The lines below, from the one holding "mdd cabine acoustic-pod-Hana" through the one holding "Lamp On Brick Wall: Stock Photos", are to be restated word for word, with all images left out.

**INFORMATION GIVEN**

*****

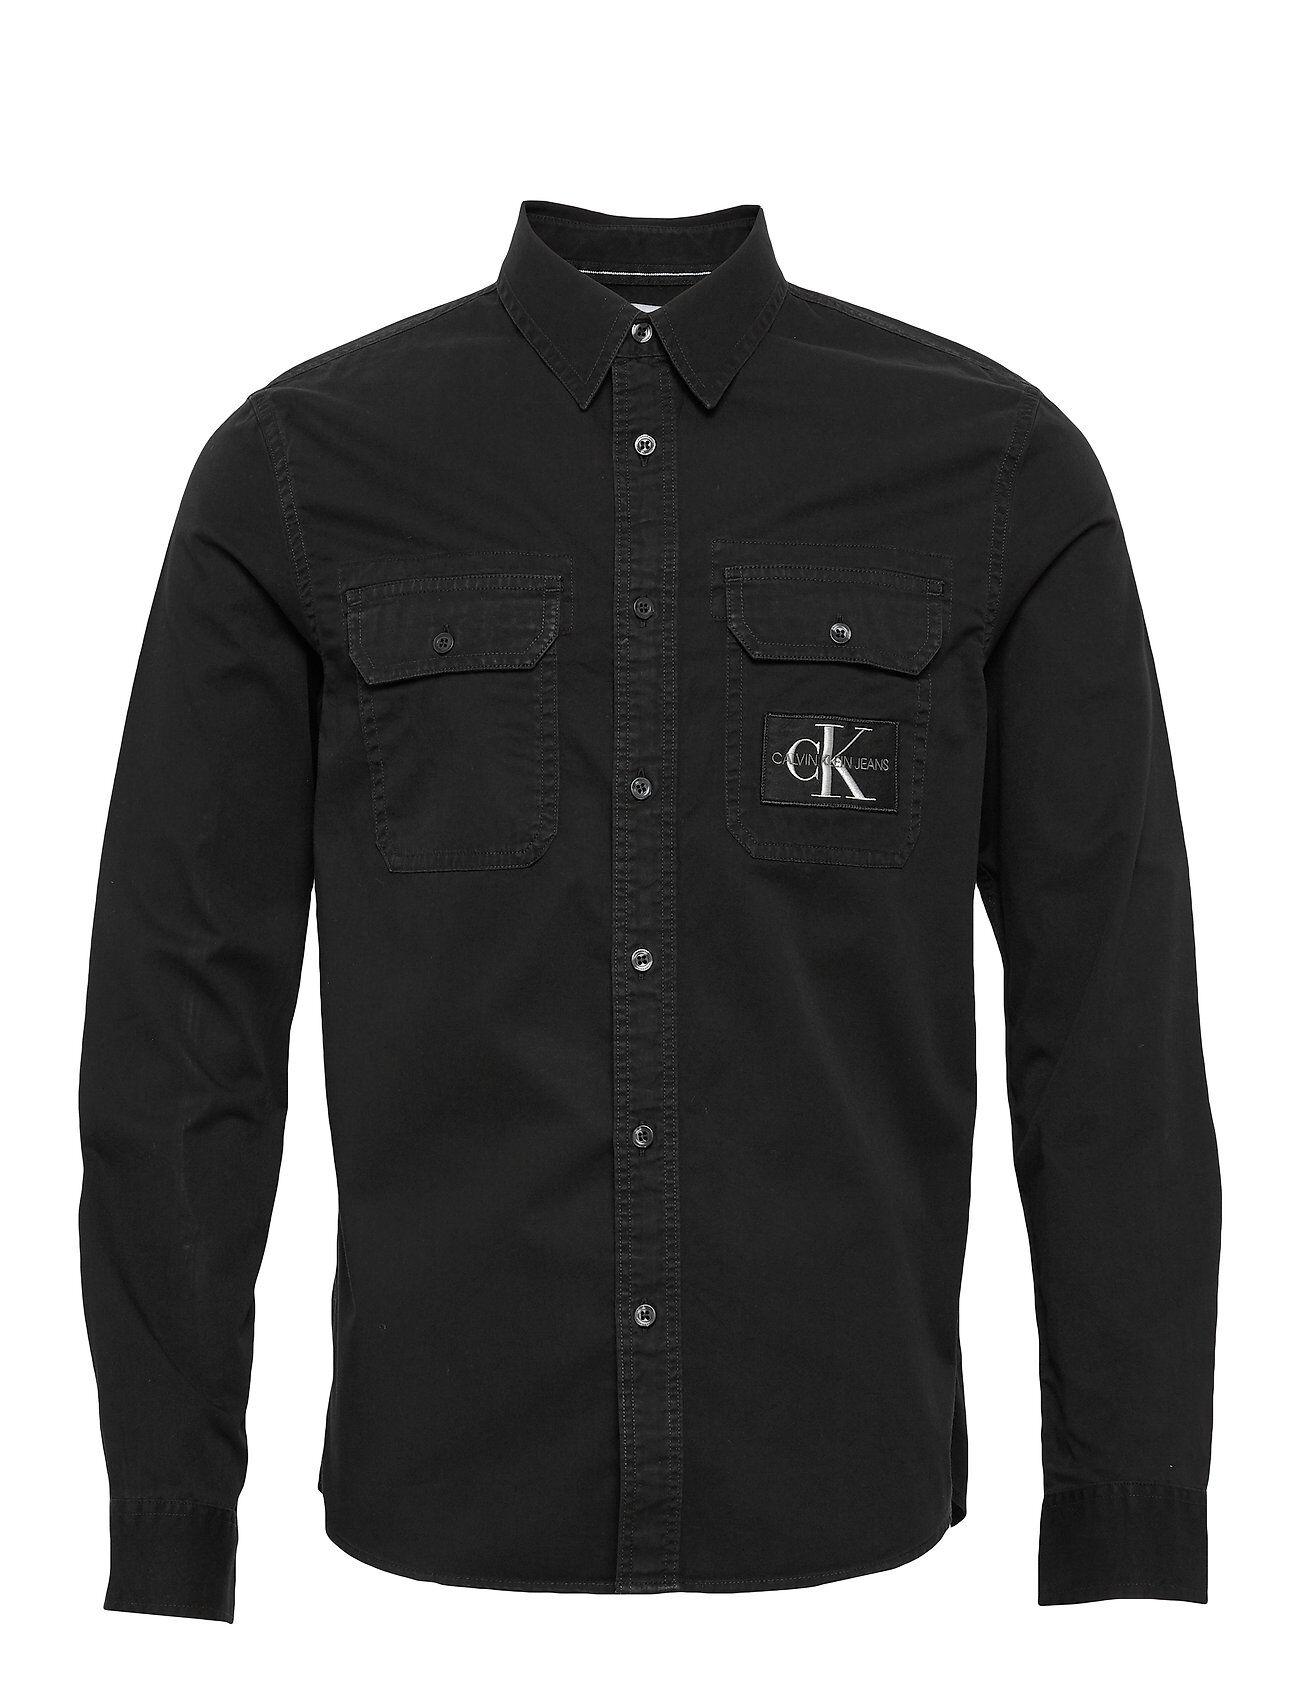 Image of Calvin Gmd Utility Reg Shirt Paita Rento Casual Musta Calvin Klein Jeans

*****

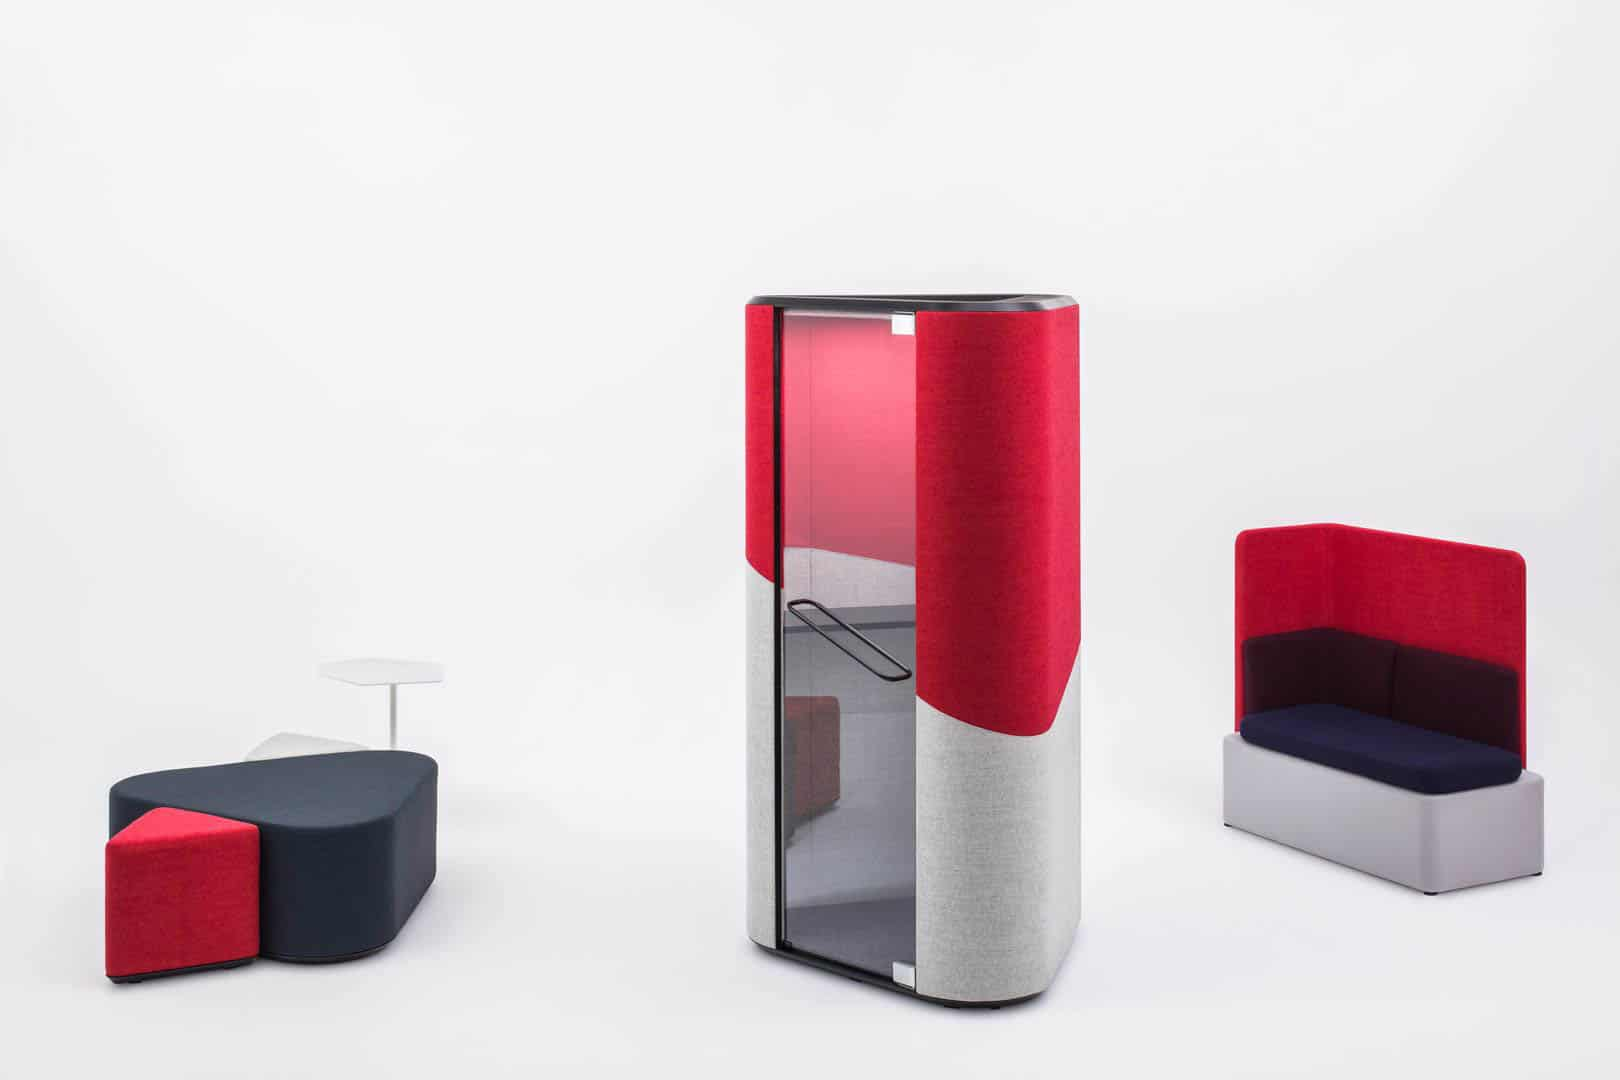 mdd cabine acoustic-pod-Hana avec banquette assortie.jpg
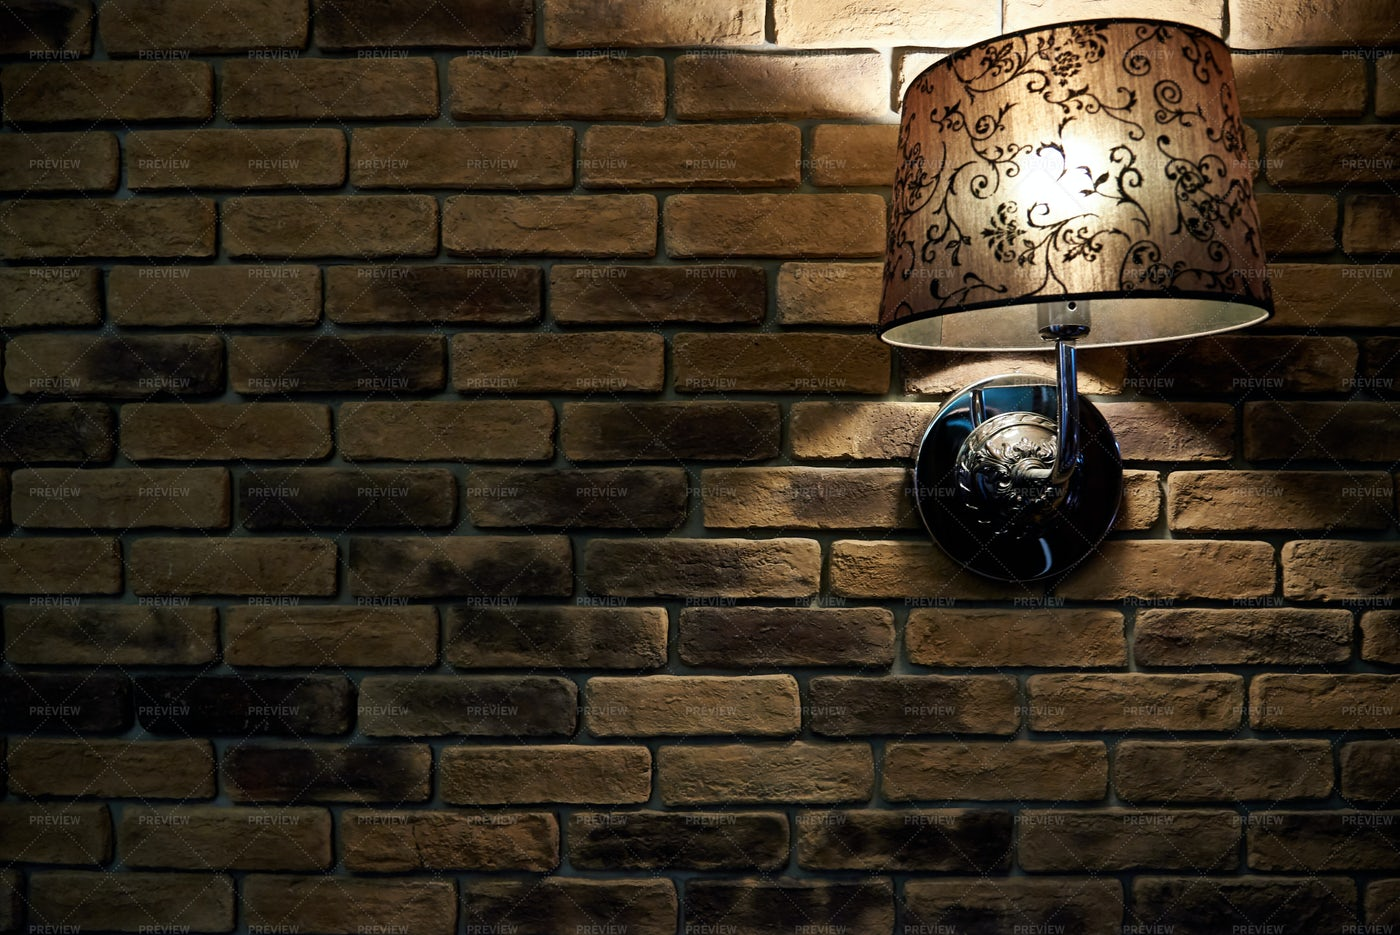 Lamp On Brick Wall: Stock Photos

*****

**ANSWER SECTION**
 mdd cabine acoustic-pod-Hana avec banquette assortie.jpg
 Lamp On Brick Wall: Stock Photos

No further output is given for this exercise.